A set of 10×10 cm cards were produced, printed to a professional standard, laminated and checked that colour integrity matched the Vita Scale described above. Pictures were shown one at a time under ambient indoor workplace lighting and colour remained clearly differentiated. Participants were asked to rate the attractiveness of the person featured in each of the photographs using a 100 mm visual analogue scale. The negative response (i.e. extremely unattractive) was on the left hand side so that higher numbers indicated increased attractiveness when measured from the left. Data were analysed using Statistica (StatSoft®).

These studies were approved by The University of Leeds Institute of Psychological Sciences Ethics Committee in accordance with British Psychological Society guidelines. In keeping with these guidelines all participants gave their informed consent in writing prior to beginning the study. Written consent was also obtained from the models used in these studies for their photographs to be digitally manipulated for use in the study and to be used in scientific publications. The models shown in Figure 1 signed a further statement indicating their willingness for the photographs shown in that figure to be published in PLoS ONE.

Figure 3. Effects of digital manipulations of teeth on ratings of attractiveness.

Data are expressed as mean ratings of attractiveness (± SEM) indicated on a 100 mm visual analogue scale. Higher numbers indicate greater attractiveness. Crowded, normal and wide refer to tooth spacing. Yellow, natural and white colour conditions are indicated by the dark, mid-grey and white bars respectively. M/M indicates male participants viewing male models; M/F, males viewing females; F/M, females viewing males and F/F, females rating females. Data indicate that ratings of female attractiveness are more sensitive to manipulations of tooth colour and spacing than males’ regardless of whether male or female participants were doing the rating. The most marked effects in this sex were produced by deviations from normal spacing and yellow colouration. Attractiveness was not increased by further whitening from natural colour (B1 in the Vita shade scale) in any condition * = p<0.01 from crowded teeth in the same colour condition; † = p<0.01 from widely spaced teeth in the same colour condition; • = p<0.01 from yellow teeth in the same spacing condition. See text for further details.
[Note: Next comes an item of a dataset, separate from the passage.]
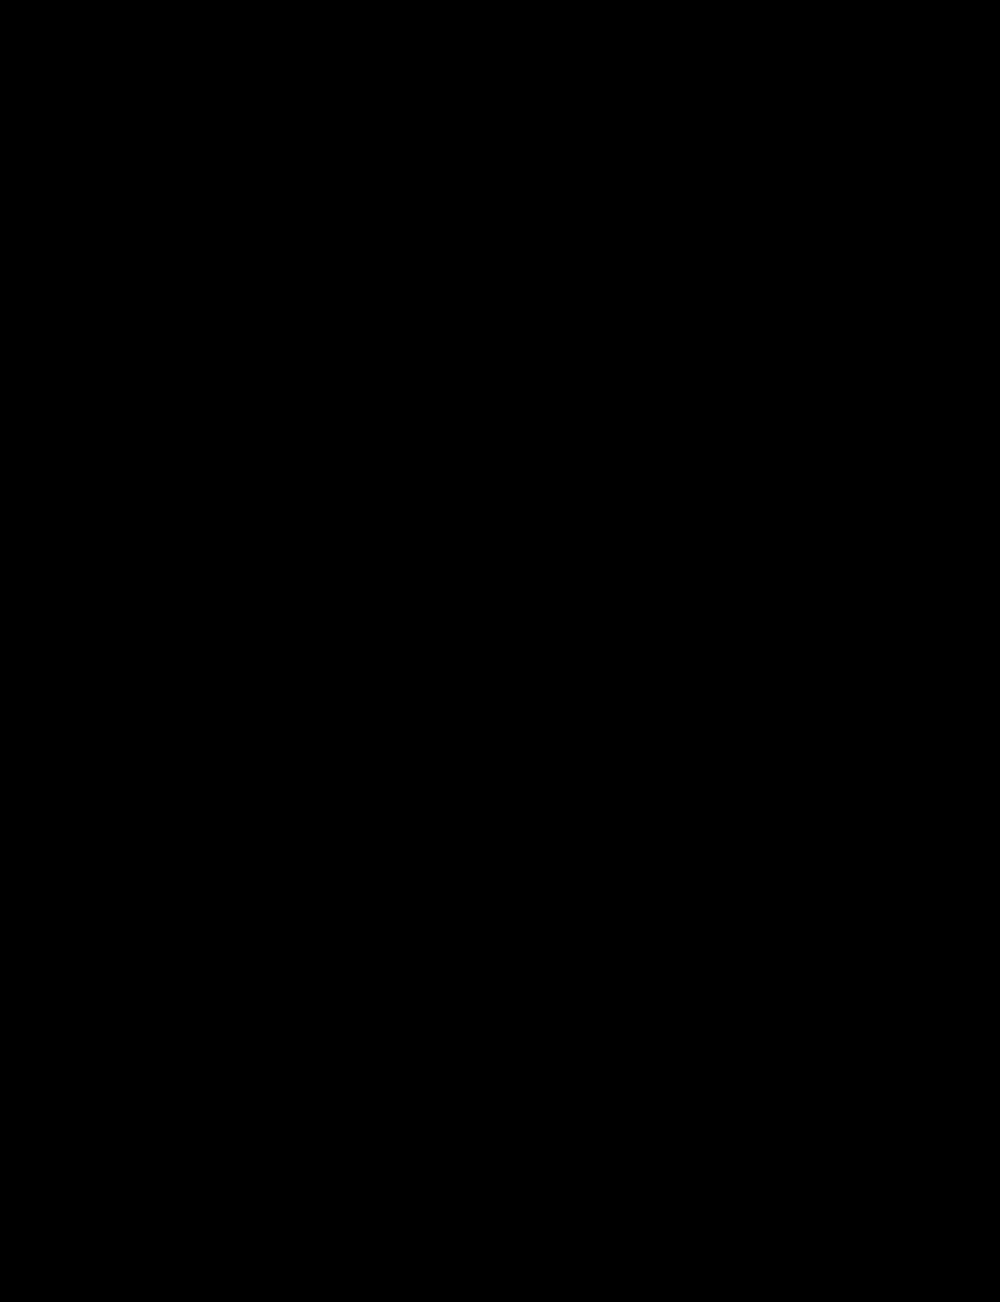 A reverse braid

Analysis of Variance showed significant main effects of teeth spacing (F(2, 863) = 62.07, p<.01) and colour (F(2, 863) = 51.96, p<.01). Interactions were not available in consequence of the nested design. Follow up tests were performed using orthogonal contrasts (with α shifted to 0.01 to accommodate the number of contrasts performed) and these revealed that when males viewed other males they rated models with widely spaced teeth as being significantly less attractive than those with normally spaced teeth in the yellow (F(1, 863) = 7.15, p<.01) and natural (F(1, 863) = 7.02, p<.01) colour conditions. Males also rated other males with yellow teeth as being significantly less attractive than those with natural (F(1, 863) = 8.64, p<.01) or white (F(1, 863) = 7.77, p<.01) teeth in the crowded condition only.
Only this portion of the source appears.